I just opened a bottle of champagne (cheap Costco champagne). It has a plastic cork, but it still has the traditional twisted wire retainer holding it in. I open the bottle and throw the retainer in the recycling, so now I'm wondering will it really get recycled, or is this more stuff for the landfill? We've got mixed recycling here, where you can dump paper, metal and certain kinds of plastic. Glass and motor oil are collected separately as is yard debris. As an aside, garbage is collected weekly here in Washington County, but every other week in Portland. Recycling is just the opposite. Here they alternate between yard debris one week and recycling the next. In Portland they collect both every week.

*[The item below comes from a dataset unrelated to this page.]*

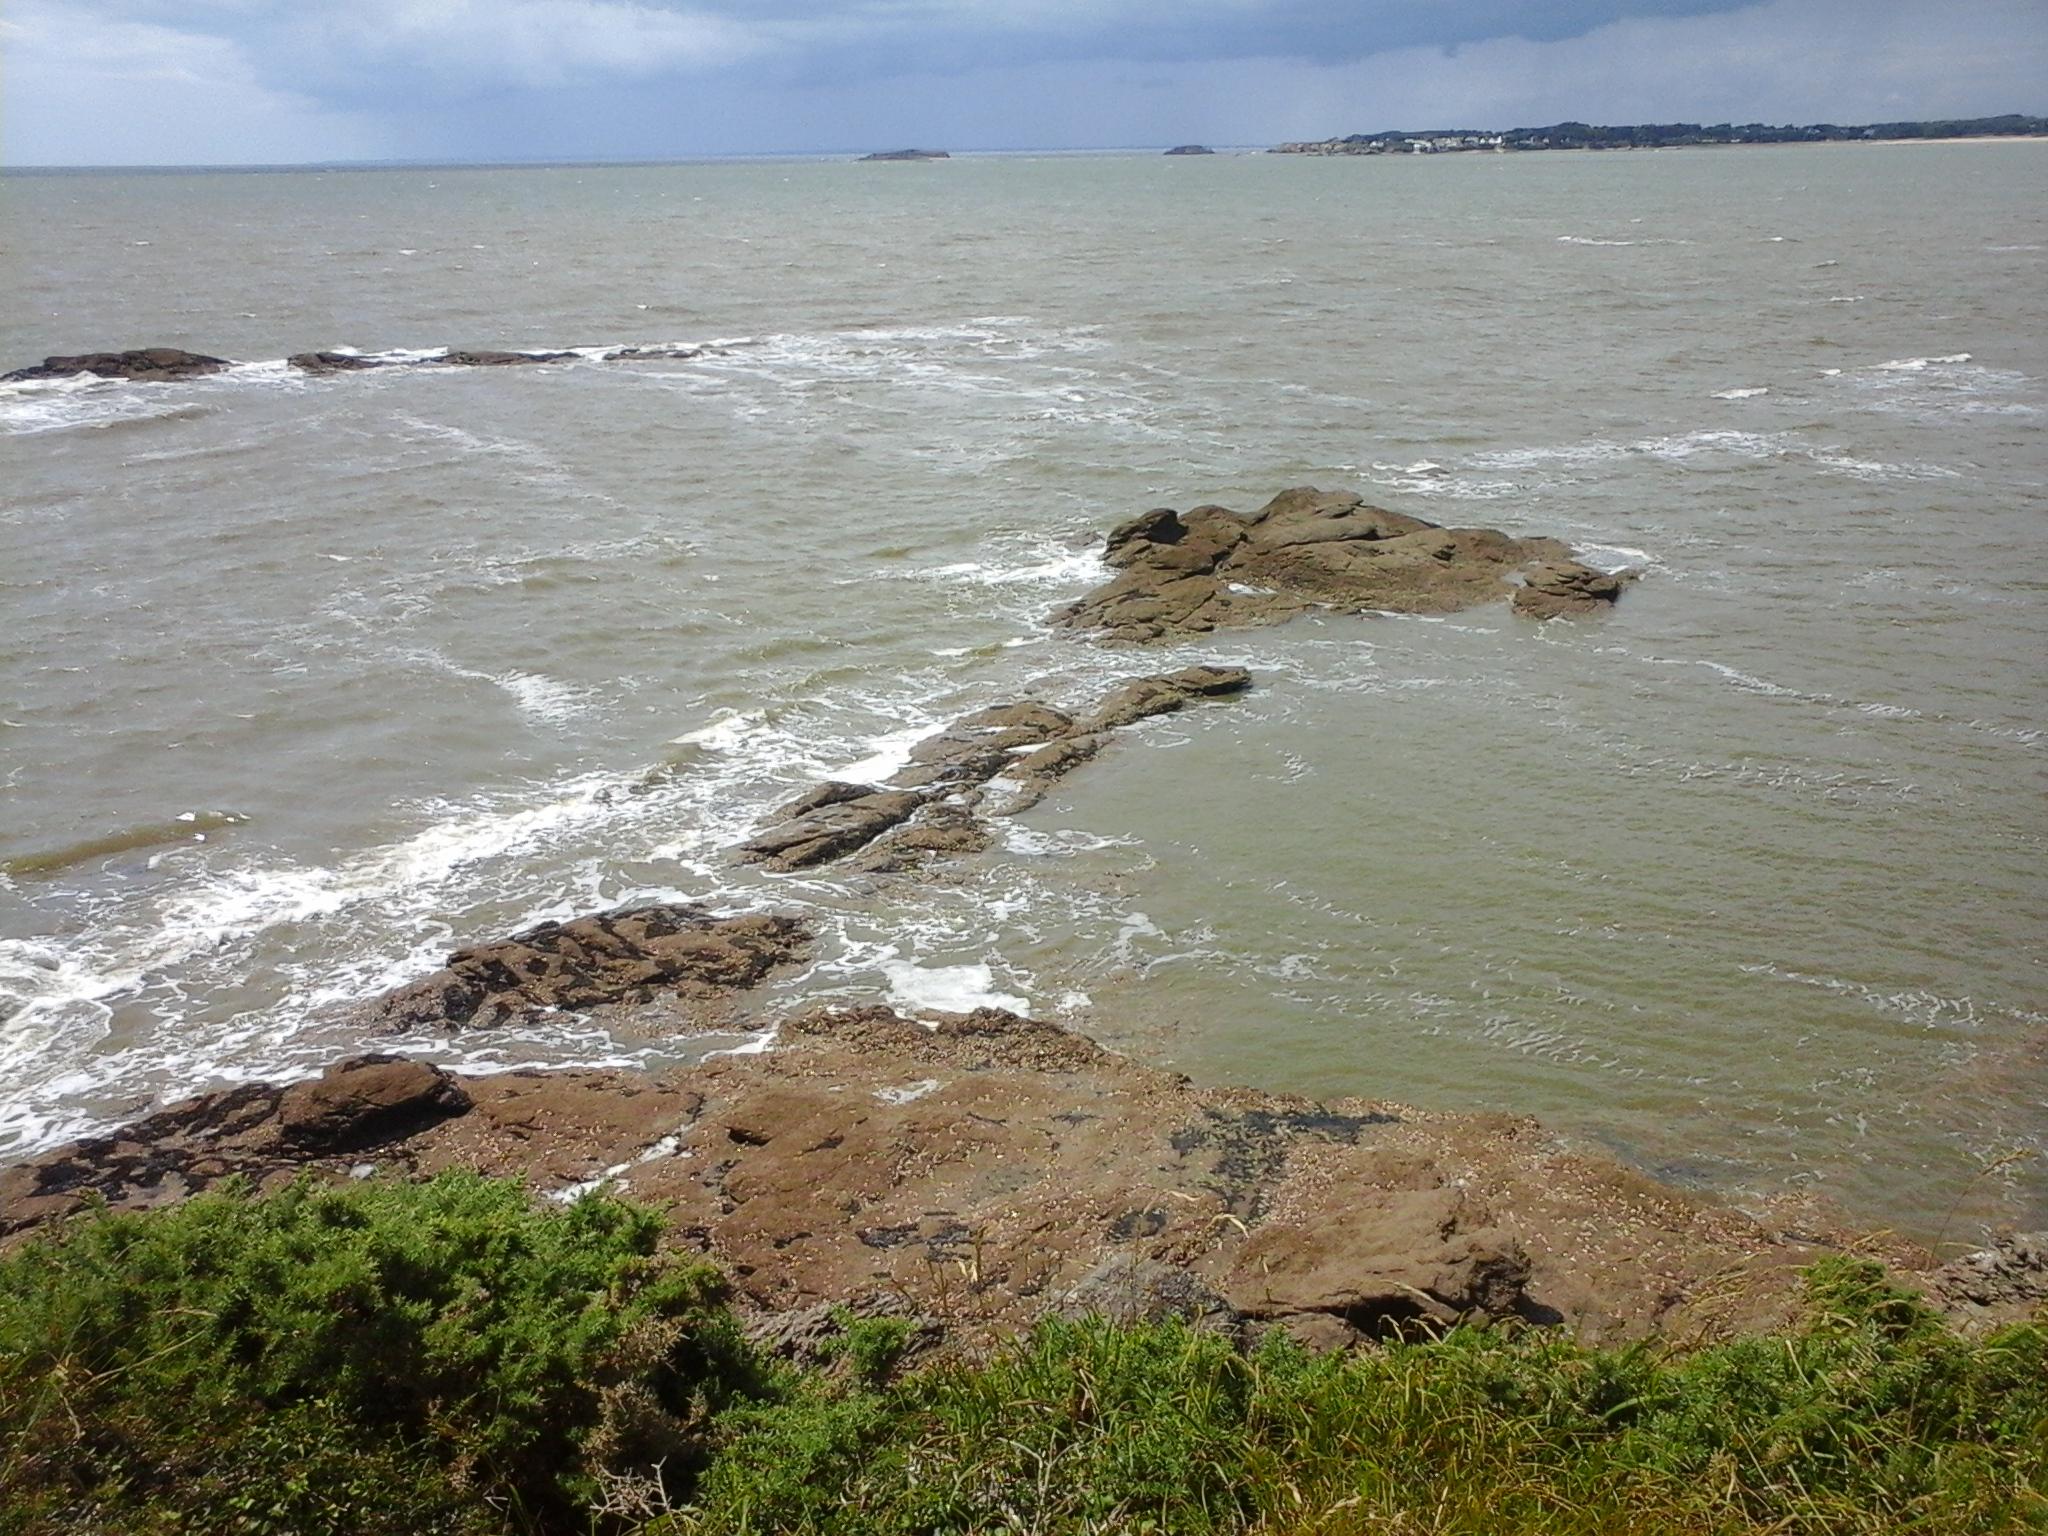 L'océan à 5 mn à peine :)

So, I throw the wire retainer in the mixed recycling. I wheel the container out to the curb Monday evening. Tuesday morning a big garbage truck comes by and picks it up with it's robot arm and dumps it in the back along with all the other stuff he's collected. When the driver has finished his route, he drives to the transfer station and dumps his load. Okay, this is the part I'm not clear about. Somebody is driving trucks to the landfill and and the main recycling center. Are they just driving the garbage trucks? Or are they repackaging the material for hauling on semi-trailers? I dunno, maybe if the landfill is less than 100 miles away, just driving straight there might be cheaper.

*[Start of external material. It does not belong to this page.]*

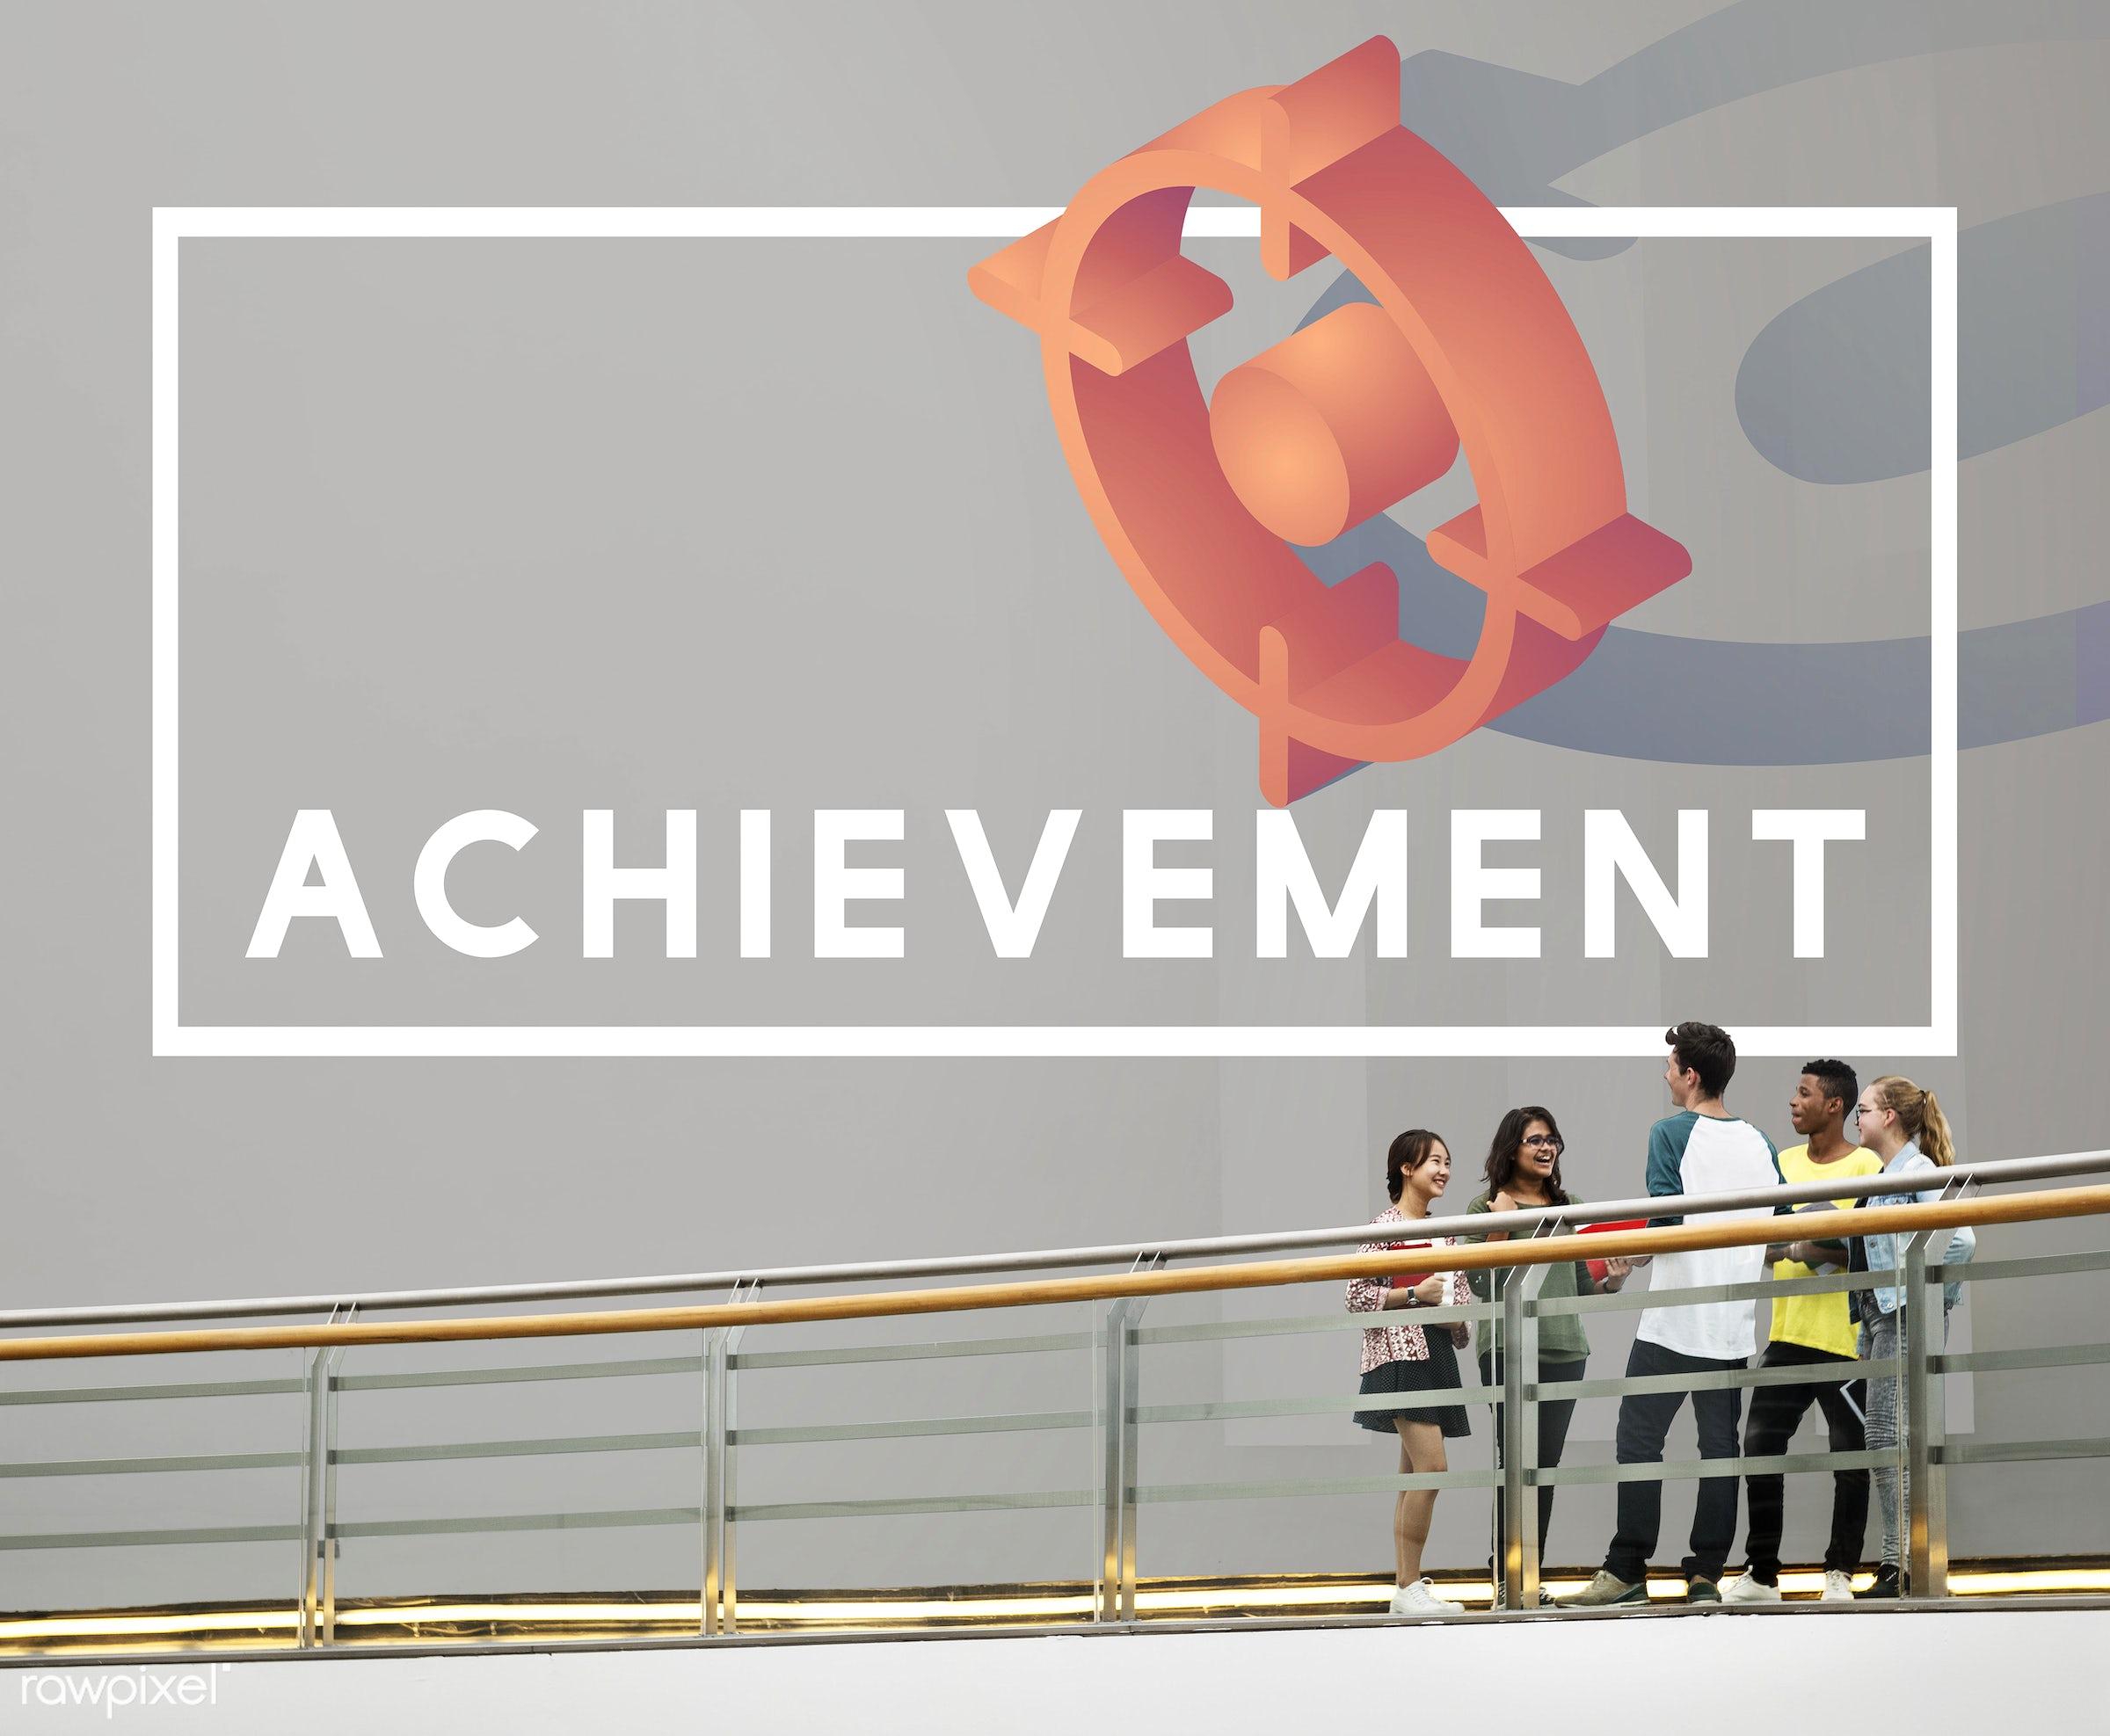 achievement, analytics, approach, book, books, boy, bridge, business, carrying, competence, development, experience, friends...

The material that gets dumped in the recycling bin eventually makes its way to the giant recycling center, which I think is in northwest Portland in the industrial district. I imagine some rudimentary sorting is done there, blown air can separate the lighter stuff like paper and plastic from the metal, magnetics can pick out the iron and steel. You might be able to use water to separate the paper from the plastic. I dunno, but I wonder about all the metal that's left after everything else gets shunted aside. You should be left with copper, brass, and some stainless. Then again, the amount non-magnetic heavy metal might not amount to a hill of beans. It's what's left over after all the easy pickin's have been picked up. It might be that a man with a broom sweeps up at the end of the day and dumps it in the trash.